Exercise: Return all of the data exactly as written, without the pictures.

Data provided:
^^^^^^^^^^^^^^^^
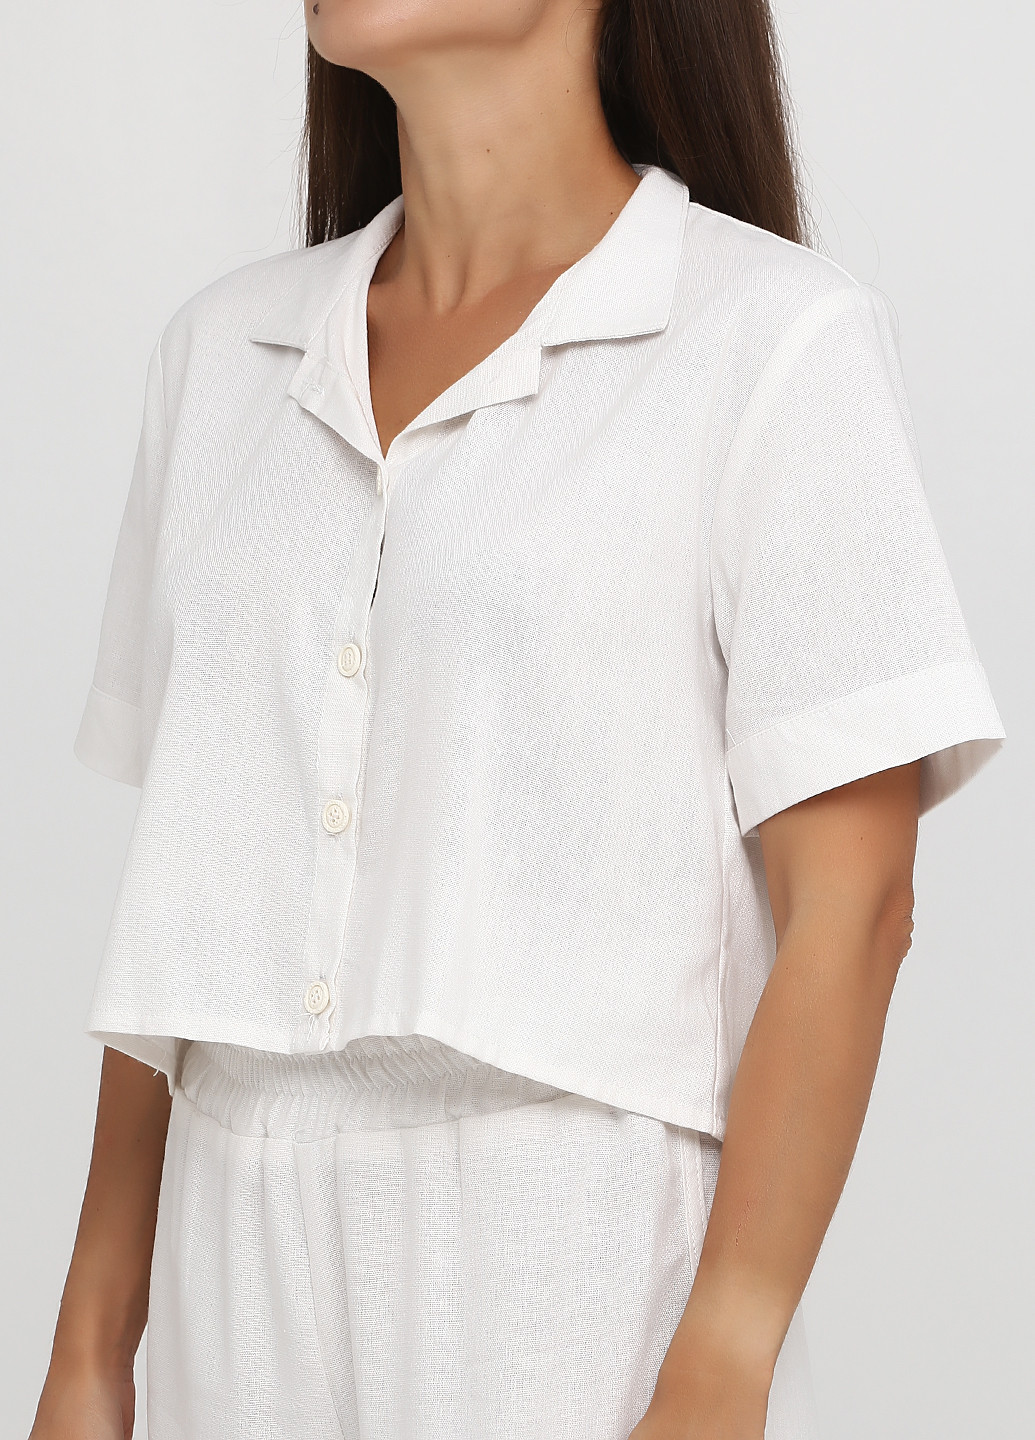 Костюм (блуза, шорты) Kristina Mamedova с шортами однотонный молочный кэжуал лен
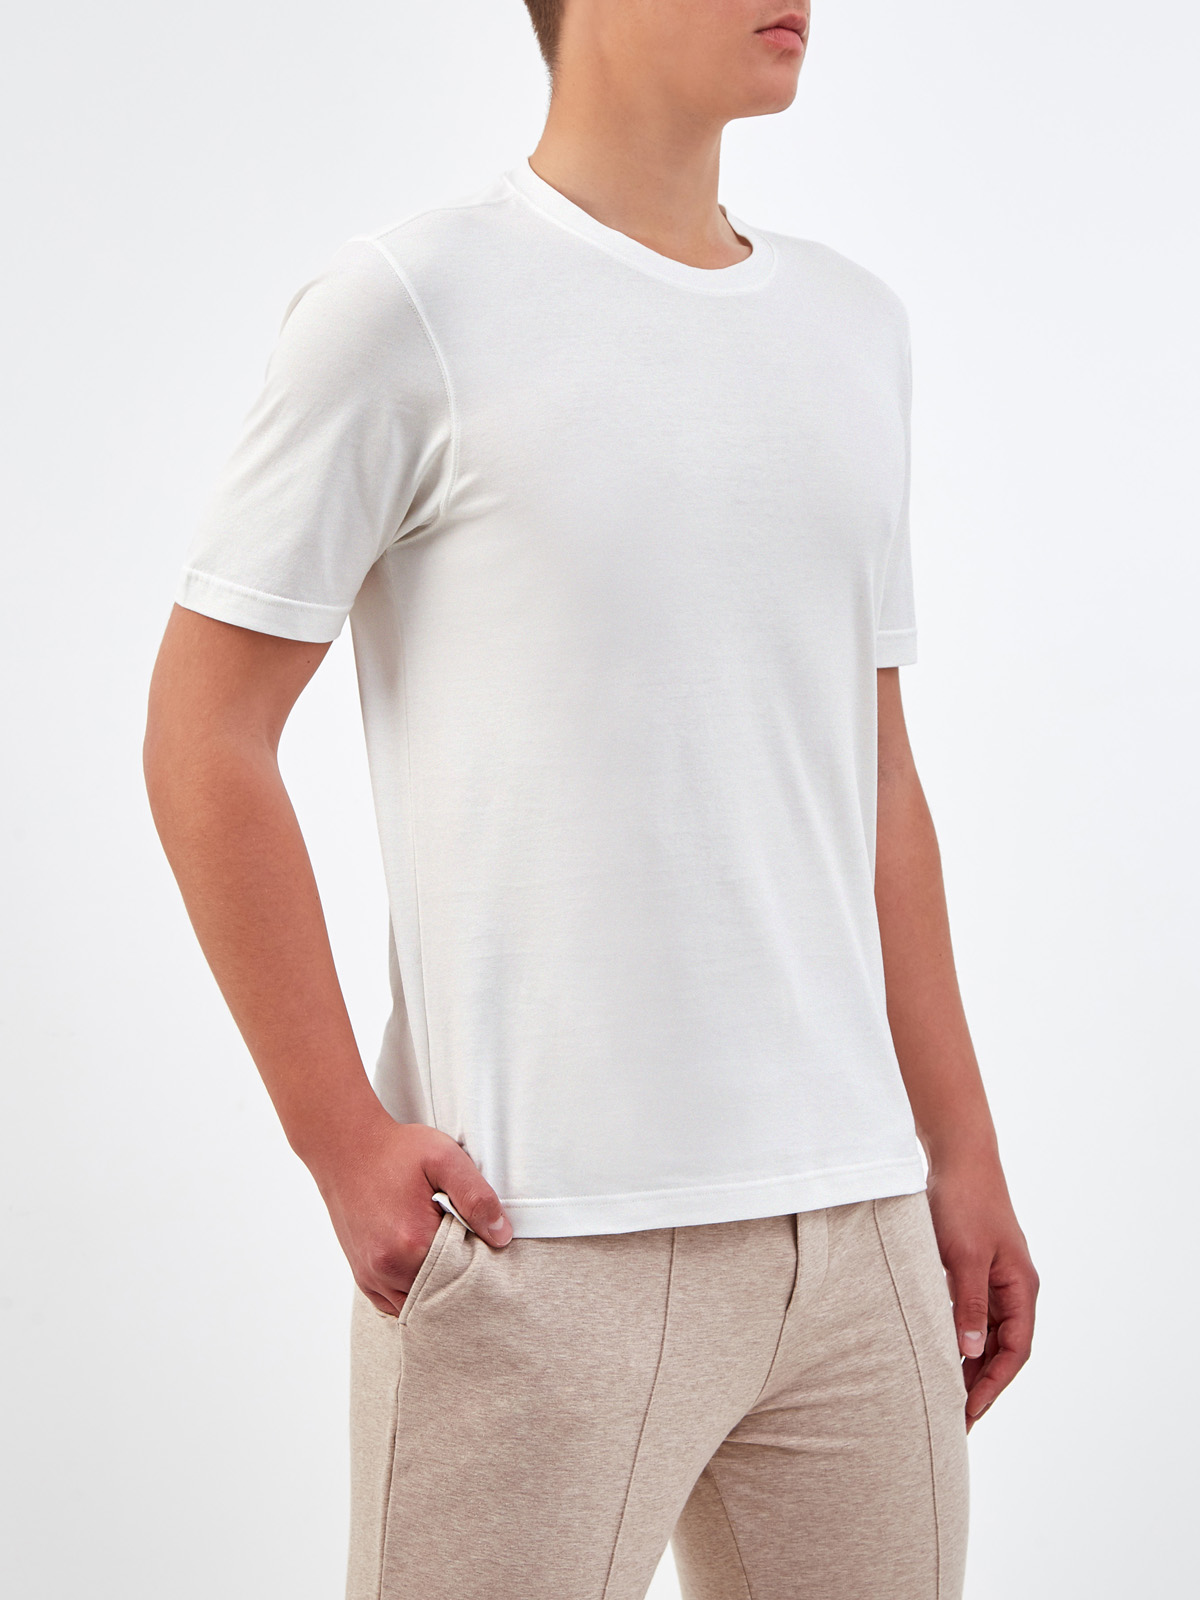 Базовая белая футболка из гладкого хлопка джерси GRAN SASSO, цвет белый, размер 54;56;58;48 - фото 3
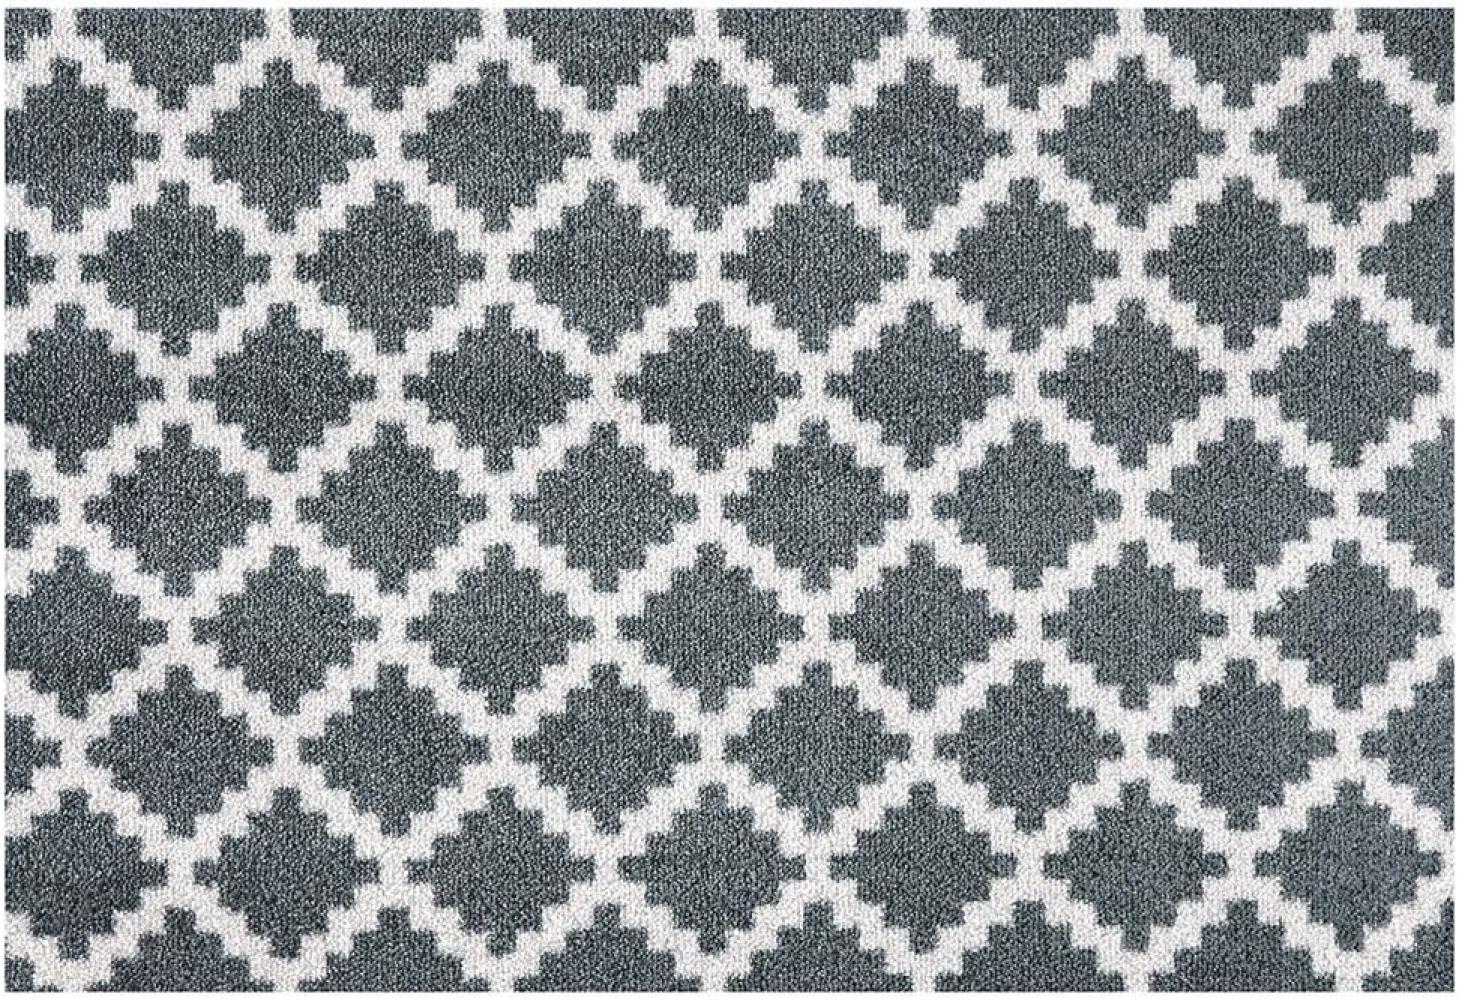 Kurzflor Fußmatte Elegance Grau Anthrazit - 50x70x0,7cm Bild 1
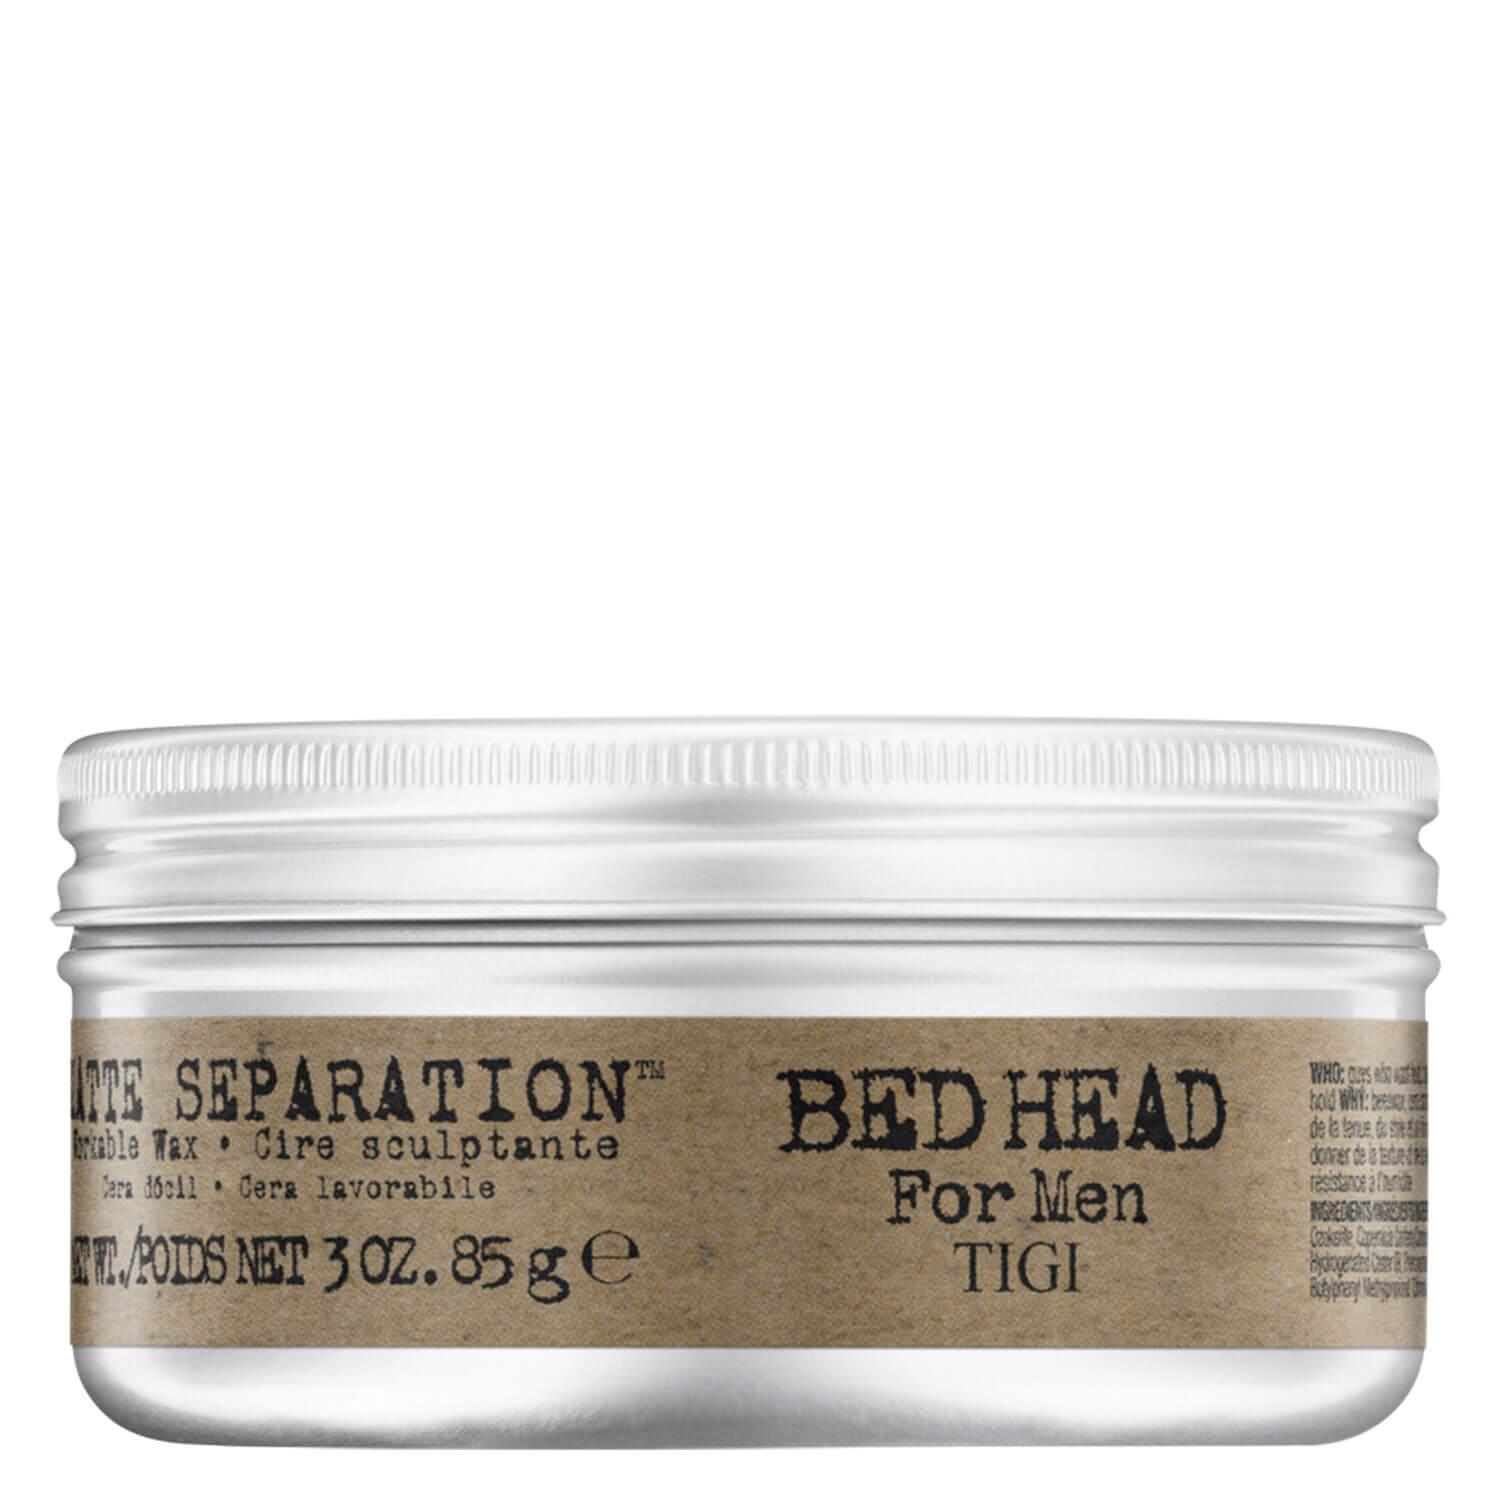 Bed Head For Men - Matte Separation
^^^^^^^^^^^^^^^^
Solution for this exercise:
 Костюм (блуза, шорты) Kristina Mamedova с шортами однотонный молочный кэжуал лен
 Базовая белая футболка из гладкого хлопка джерси GRAN SASSO, цвет белый, размер 54;56;58;48 - фото 3
 Kurzflor Fußmatte Elegance Grau Anthrazit - 50x70x0,7cm Bild 1
 Bed Head For Men - Matte Separation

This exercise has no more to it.